Biggest missed opportunity: It’s important for people to try to understand their internal bias. Because we started with parents of rare disease kids within a pediatric institution, we were very much pediatric focused for a long time. It took us a while to realize that we didn’t have enough of a lens on the issues of adults with rare disease. We’re trying to change that now and be more inclusive of the adult rare disease community. We’re learning as we go just how large our community is.

Like best about the job: I love connecting with other people in the community. It makes me feel so much less alone then when we started on our diagnostic journey with our son. As well, it makes me feel like perhaps I can help others avoid that rowboat-in-the-middle-of-the-ocean feeling.
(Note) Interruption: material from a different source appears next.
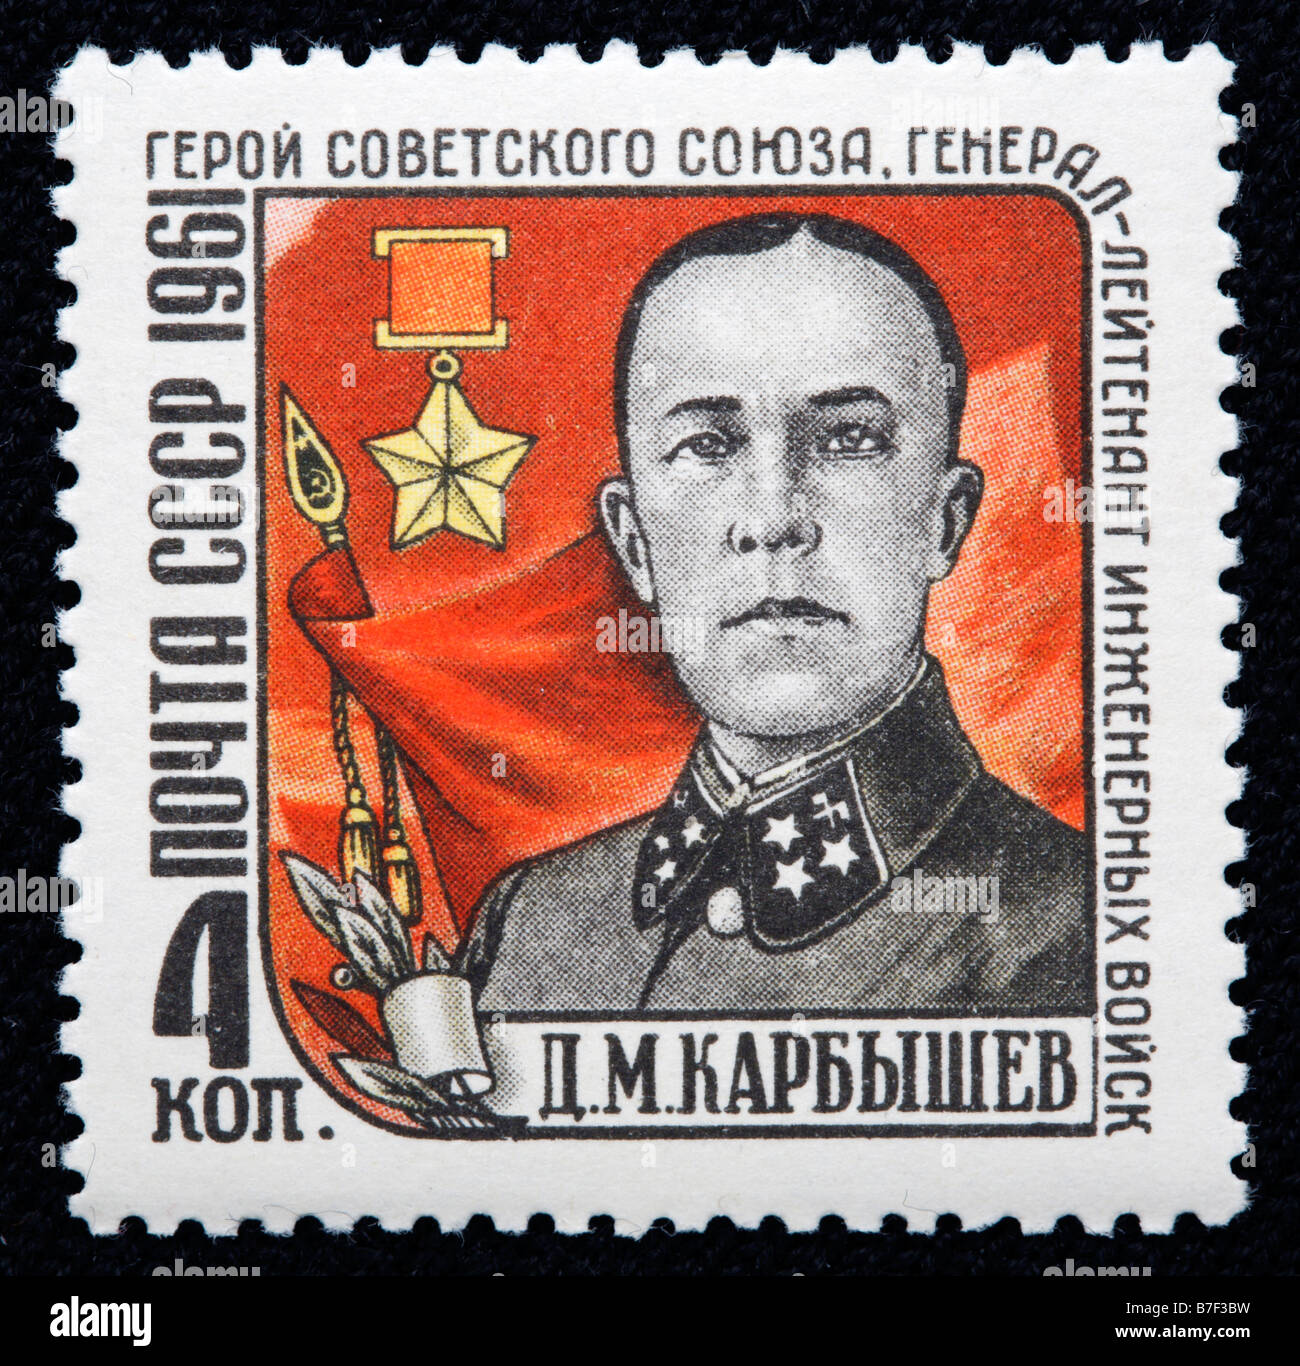 Dmitry Karbyshev (1880-1945), général de l'Armée Rouge, héros de l'Union soviétique, timbre-poste, URSS, 1961 Banque D'Images

Like least about the job: Emails, emails, emails.

Pet peeve: Trying to organize meetings across time zones.

First choice for a new career: I’ve been working with researchers and public speaking about rare disease and patient partnerships. I enjoy that.

Personal Taste
Most influential book: I enjoy speculative fiction because it’s about possibilities and what happens at the limits of society.

Favorite movie: The Princess Bride

Favorite music: I listen to everything from opera to jazz to musical theater to punk.

Favorite food: I love food – especially food I’m not making myself and not cleaning up after.

Guilty pleasure: iPhone games, but I don’t feel guilty.

Favorite way to spend free time: On the water.